“A VOZ DO SILÊNCIO” E SEQUESTRO RELÂMPAGO: SÃO PAULO EM ESTADO DE ATENÇÃO.

Por Celso Sabadin.

Já virou clichê dizer que a cidade onde se passa determinado filme acaba se transformando numa personagem deste mesmo filme. Clichê ou não, lá vai: duas ótimas produções brasileiras que estrearam na última quinta-feira têm a capital paulista como grande personagem: “A Voz do Silêncio” e “Sequestro Relâmpago”.

O primeiro, dirigido por André Ristum (o mesmo de “Meu País”, um ótimo trabalho a ser revisitado e descoberto), desenvolve com talento o estilo do chamado “filme-coral”, ou seja, vários personagens e suas histórias simultâneas que se entrecruzam num mesmo espaço físico e temporal. Num roteiro sem protagonistas, todos têm o mesmo nível de importância na trama. Um estilo que Robert Altman dominava como poucos.

Em “A Voz do Silêncio”, perambulam pela cidade de São Paulo um oficial de justiça de poucos escrúpulos, uma corretora de imóveis com problemas financeiros, uma dançarina de pole dance e sua mãe perturbada, um estudante que trabalha como sushi man à noite e porteiro de manhã, um locutor de rádio, um atendente de telemarketing… enfim, personagens revestidos de fortes doses de realidade que circulam pela metrópole silenciosamente, desfilando e destilando suas dores e aflições. O roteiro – também de Ristum – costura estes microdramas cotidianos com extrema habilidade, sempre sublinhando uma das principais características da cidade grande: a solidão individual, em meio a tanta gente.

É um filme que gradativamente encanta a plateia através da construção e apresentação não apenas sensível de cada um de seus personagens, como também conquista corações e mentes com o hábil desenvolvimento dramatúrgico de cada um dos envolvidos. A trilha sonora mesclando o popular e o clássico  (há um Mozart final simplesmente arrebatador) e ótimas atuações de todo o elenco (Marat Descartes, Marieta Severo, Claudio Jaborandy, Nicola Siri, enfim, um timaço) alavancam ainda mais as qualidades desta muito bem-vinda coprodução Brasil/Argentina.

Se “A Voz do Silêncio” busca o registro dramático-intimista da capital paulista, “Sequestro Relâmpago”, dirigido por Tata Amaral, trabalha mais  diretamente no campo da tensão policial, sem deixar de lado um forte viés de crítica social.
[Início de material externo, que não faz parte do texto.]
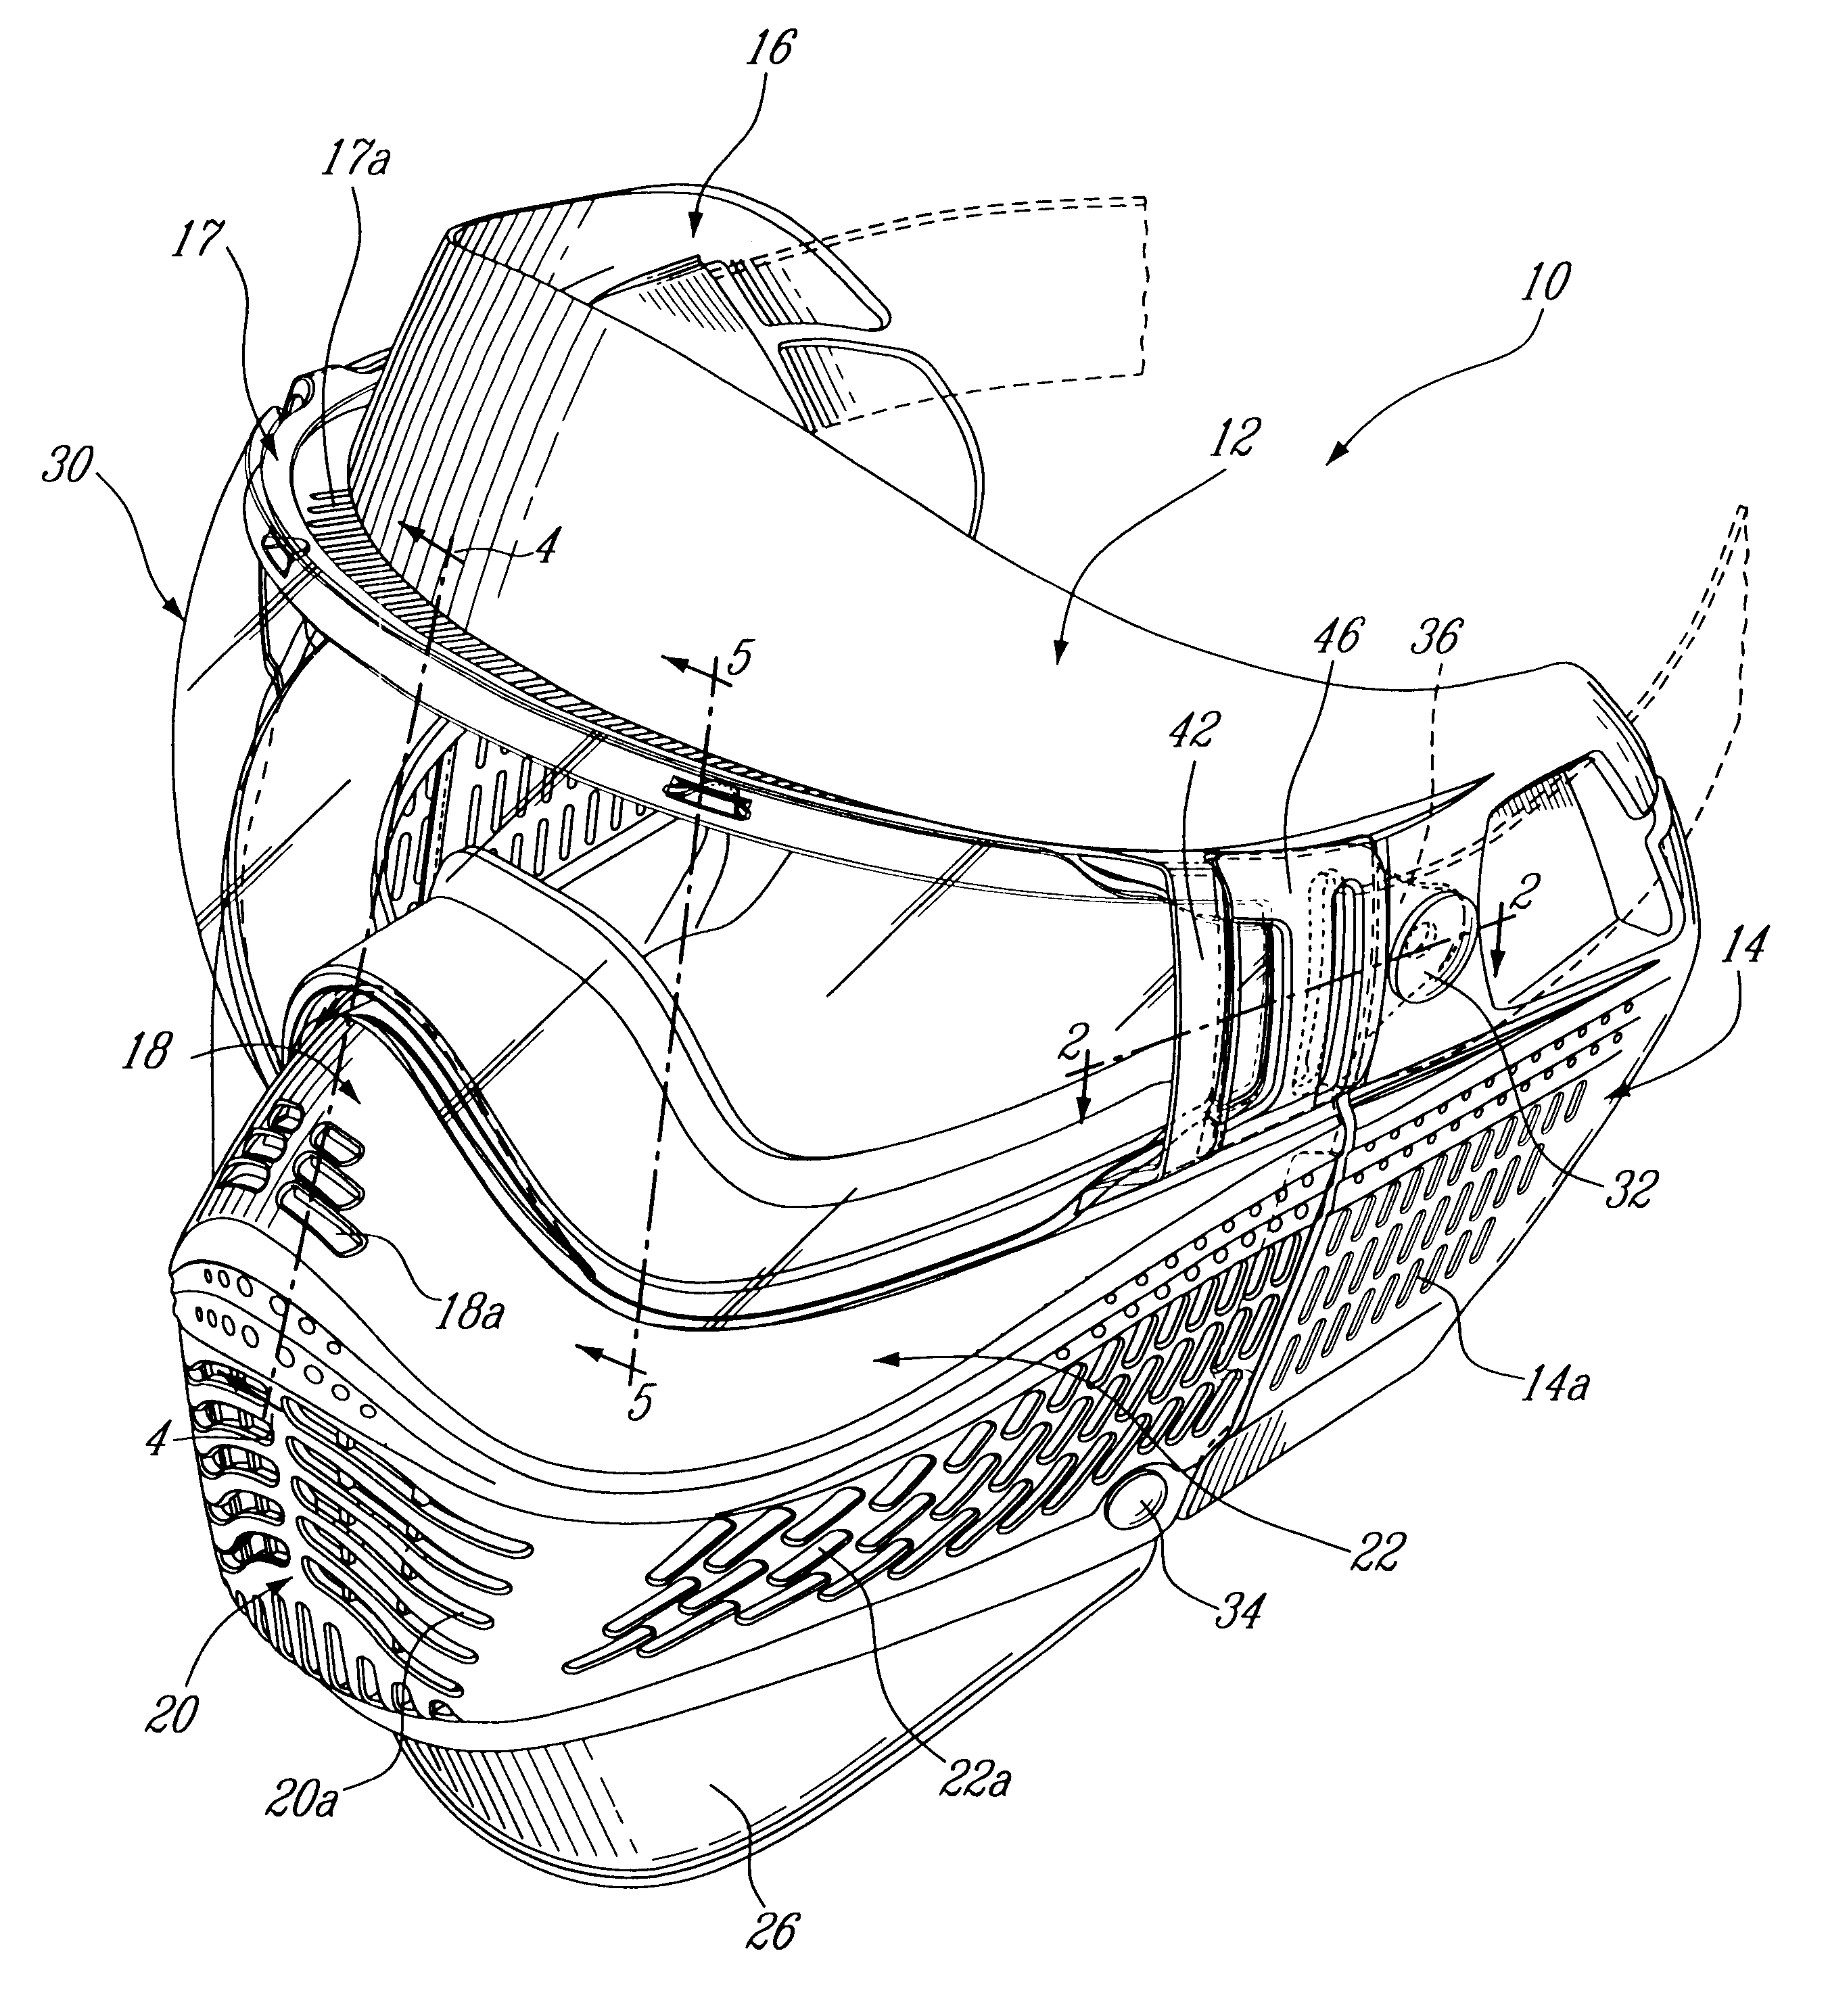 Protective mask with anchor clamp for physical games

Tudo começa quando dois sequestradores inexperientes  (Daniel Rocha e Sidney Santiago Kuanza) escolhem a jovem Isabel (Marina Ruy Barbosa) como vítima. A situação é das mais comuns em São Paulo: uma abordagem rápida, e em poucos segundos mais um cidadão comum vive seus 15 minutos de terror. Porém, algo dá errado, e o sequestro – que deveria ser relâmpago – transforma-se em trovoadas e pancadas de chuva intermitente. Não é o crime em si, contudo, o ponto central do filme, mas a relação de forçada convivência que se estabelece entre a vítima e seus algozes, pessoas que jamais se conheceriam em circunstâncias “normais”. É a partir daí que o filme escancara a fissura sociocultural que corrói o país, ao mesmo tempo em que aborda outras questões da pauta contemporânea, como machismo, religiosidade e pequenos dramas íntimos. Com direito a pitadas de humor, que ninguém é de ferro.

A partir de uma história real, o roteiro foi escrito pela própria diretora, em parceria com Marton Olympio e Henrique Pinto, contando ainda com a consultora de Fernando Bonassi e Renata Corrêa.

O Brasil é o 5º no mundo em violência contra a mulher”, diz Tata. “Isabel se vê ameaçada e precisa negociar sua vida durante toda uma noite. Por outro lado, ela percebe que poderia ser amiga ou colega de escola dos sequestradores, não fosse o abismo social, econômico e cultural que os separa”. Forte.